By: Chris Nickson - Updated: 8 Aug 2013 | comments*Discuss
Genealogy U.s. African-american Slave

For several centuries, Africans came to the United States as slaves, not free men and women. They were regarded as possessions rather than as people, and treated that way. That fact makes it almost impossible to find records of African-Americans from the period before the Civil War. There were some free blacks, and records do exist for them, but the vast majority of the African-American population lived in slavery.


You'll find nothing useful in the census returns of 1790-1840; all that's listed is the number of slaves in a house, with no names. Even the supplemental slave censuses of 1850 and 1860 are of little use; the slaves are listed only by age and sex, and whether black or mulatto. However, in the regular censuses for those two years, free blacks were listed. Beginning in 1870, the census listed the names of all African-Americans. The records are available through the National Archives although you'll have to pay to see specific entries.

Slave Records

The National Archives has collected what records it has pertaining to slaves and slavery. As noted, however, outside the census returns, there's little information on specific people. You can find information on their collection at the International Slave Trade section of the National Archives site, although the records can't be accessed online.

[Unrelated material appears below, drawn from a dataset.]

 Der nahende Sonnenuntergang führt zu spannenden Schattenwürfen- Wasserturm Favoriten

It's really only after the Civil War and the emancipation of the slaves that African-Americans really start appearing in official records. You'll find them not only in census returns, but also, for the first time, in military and land records. But as you seek more information, you should look into the records of three agencies that specifically worked with African-Americans - the Commissioners of Claims, the Freedman's Savings and Trust Company and the Bureau of Refugees, Freedmen, and Abandoned Lands, which was also known as the Freedmen's Bureau - during the Reconstruction era.

These records are also in the National Archives and perhaps offer the best details about many black lives in the period. Not only will you find information on the vital records of births, death and marriages, but also military service, land ownership, occupations, manumission, and a host of other topics. They're not complete, by any means, but they do offer a good path for investigation. The various field office records, in particular, offer the best hope, covering a wide range of subjects, but they're voluminous. Probably the best way to begin is by consulting the Black Family Research page at the National Archives site

It's worth noting that although these records are a treasure trove of information for anyone researching family history in the period around the Civil War, there are no readily usable name indexes, meaning information on specific individuals is hard to find, so you should expect to spend a long time digging.

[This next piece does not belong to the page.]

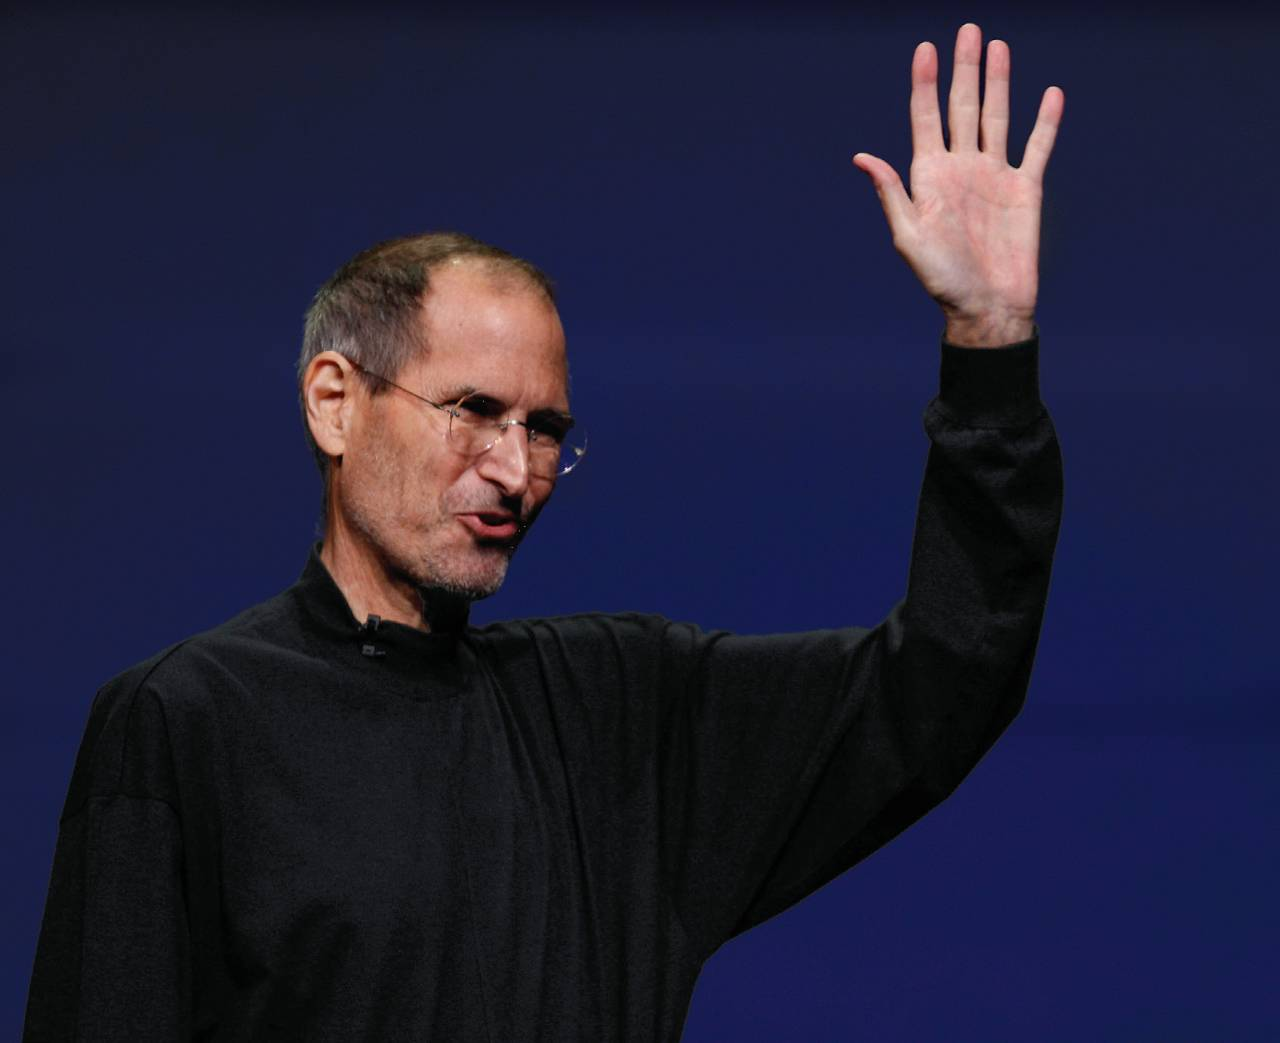 乔布斯在2011年3月2日举行的iPad2发布会上向观众挥手。这是乔布斯出席的最后一次发布会,他于7个月后离开人世。

After 1870, official records of African-Americans and whites were merged, which should make your search much easier. However, as vital records weren't generally kept before about 1900, and blacks were still often viewed as an underclass in some parts of the country, you might find it difficult, if not impossible, to obtain records on births, marriages and deaths. Sadly, there's just no way around this obstacle. Probably the best substitute, and it's decidedly inferior, is to use census returns.